第八章 横扫塞班(第47/54页)
原来,日本人想尽一切办法把自己人的尸体往后运,弄到战线后很远的地方烧掉。这样,美军会觉得自己伤亡很重,而敌方则伤亡很少,造成一种沮丧的心理。从塞班以后,美军见怪不怪,乐得省去一笔丧葬费,这也算塞班“征粮者”战役的一支插曲[4]。

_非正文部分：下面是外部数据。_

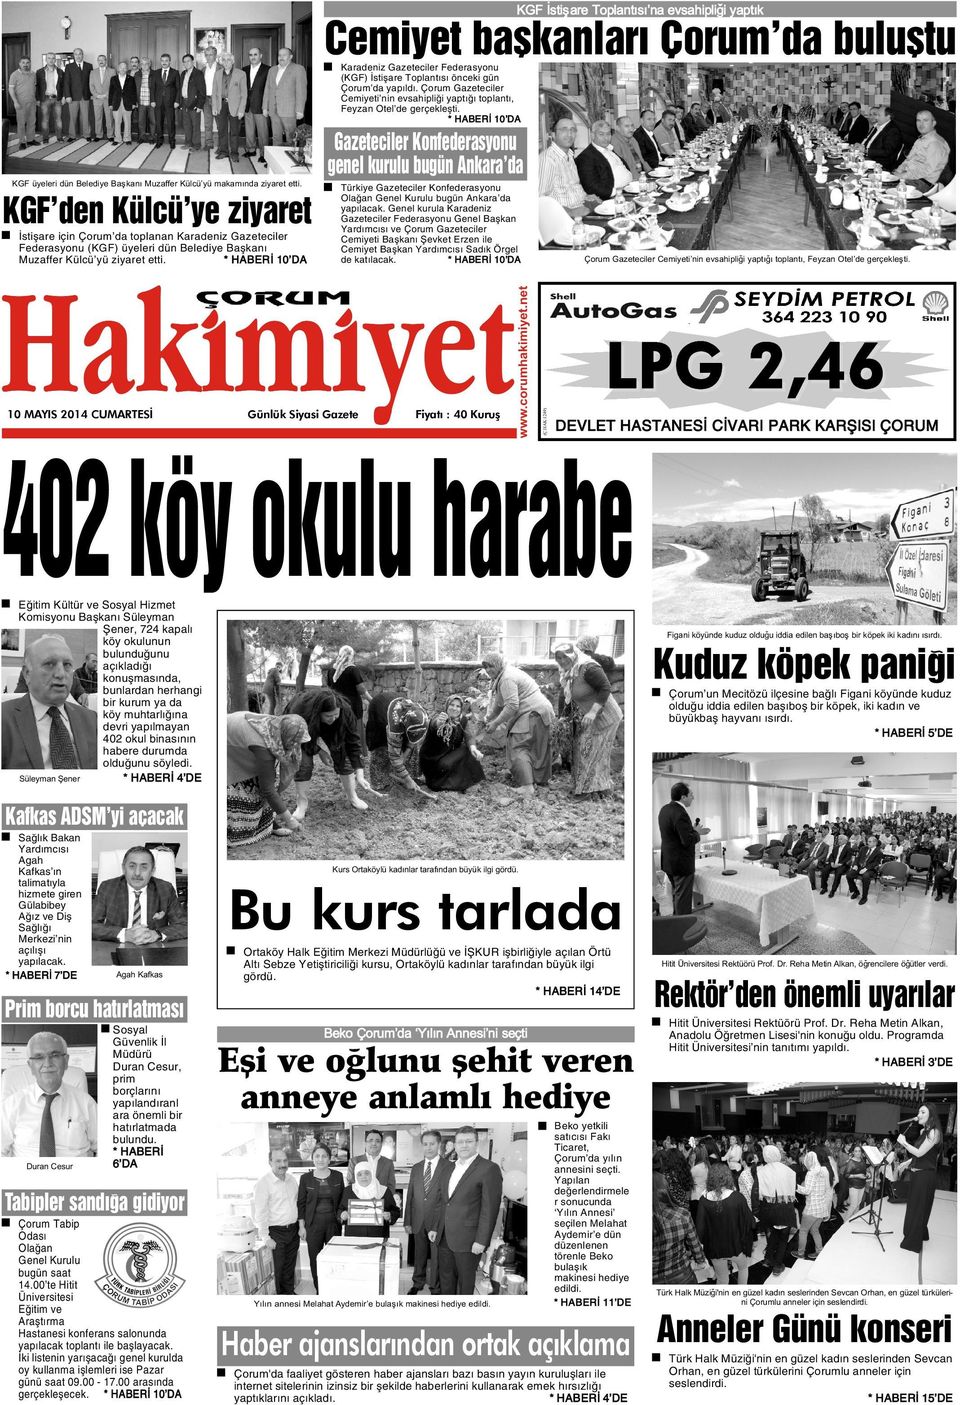 * HABERÝ 10 DA Gazeteciler Konfederasyonu genel kurulu bugün Ankara da KGF den Külcü ye ziyaret Ýstiþare için Çorum da toplanan Karadeniz Gazeteciler Federasyonu (KGF) üyeleri dün Belediye Baþkaný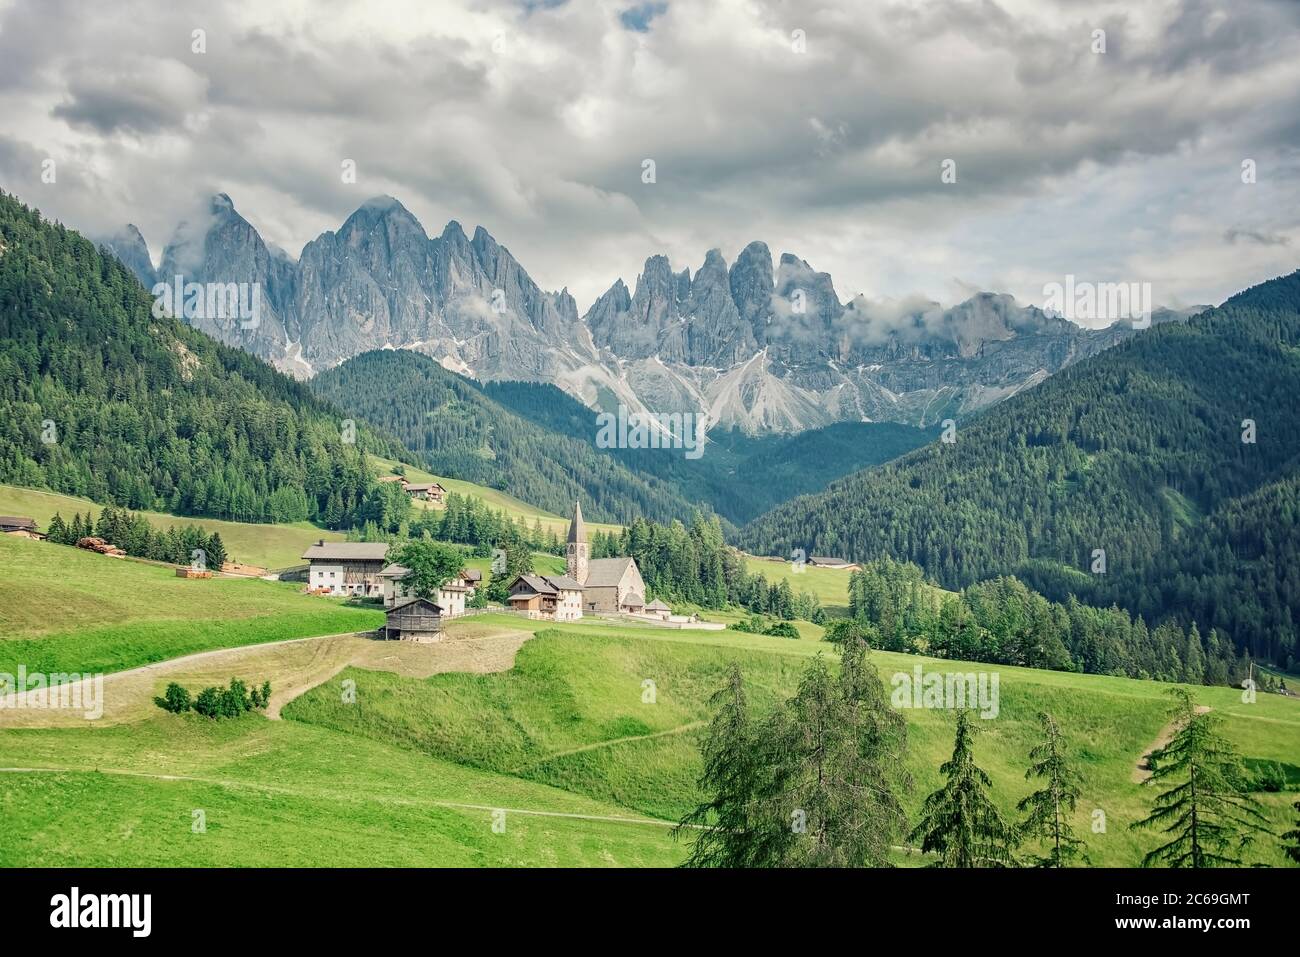 Santa Maddalena Dorf mit wunderschönen Dolomiten Berge im Hintergrund, Val di Funes Tal, Italien Stockfoto

李穿过马肯肖村的伤兵医院,看到了那些被集体杀死的日军伤兵横七竖八的尸体堆。他已经满不在乎了,甚至还翻动几具象军官模样的尸体,企图找点儿什么护身金佛金马一类的纪念品。他深深地记着被“剑鱼”号救起的英军战俘弗高克斯少校的话,决不留情,决不宽恕。日本人犯下了弥天大罪,完全咎由自取,不值得怜悯。这些死人,几天之前,还在杀死他的朋友——他不死也实属侥幸,如果他落到他们的手里,好则砍头,弄不好会被虐待致死。
他恨他们,只怨他们死得还太少。
他顾不上停留,也顾不上日军零星的狙击。他率领着他的连队兼程疾进。越过马皮山的西坡,越过废弃的日军野战机场,直逼马皮海角,它是塞班岛最北边的海角,占据了它,霍兰德·史密斯就可以向全世界宣布:
“在塞班岛上,日军一切有组织的抵抗已经结束了。”
马皮海角到了。没有抵抗。
塞班就这样占领了。全部残余的日军都在七月六日那天做了困兽一跃,反而省去了许多麻烦,把他们从密如蜂巢的海边岩洞中挖出来或封死,是件吃力不讨好的“脏话”。
艾伦·李冲到海边。
前面是一望无际的碧海。“征粮者”胜利了,他经过如此残酷的战斗活下来,谢天谢地,实在是不易。但他却没有豪情满怀。他累透了,腻透了,苦透了,任何一个神经末梢和脑细胞都麻木了。他把双脚浸到海里,把双膝浸到潮水的浪花个,连胸部也浸湿了。他摘掉涂着迷彩的钢盔,连头发和脸也浸到海水里。他想哭,想笑,想喊叫,然而却一点儿力气都没有了。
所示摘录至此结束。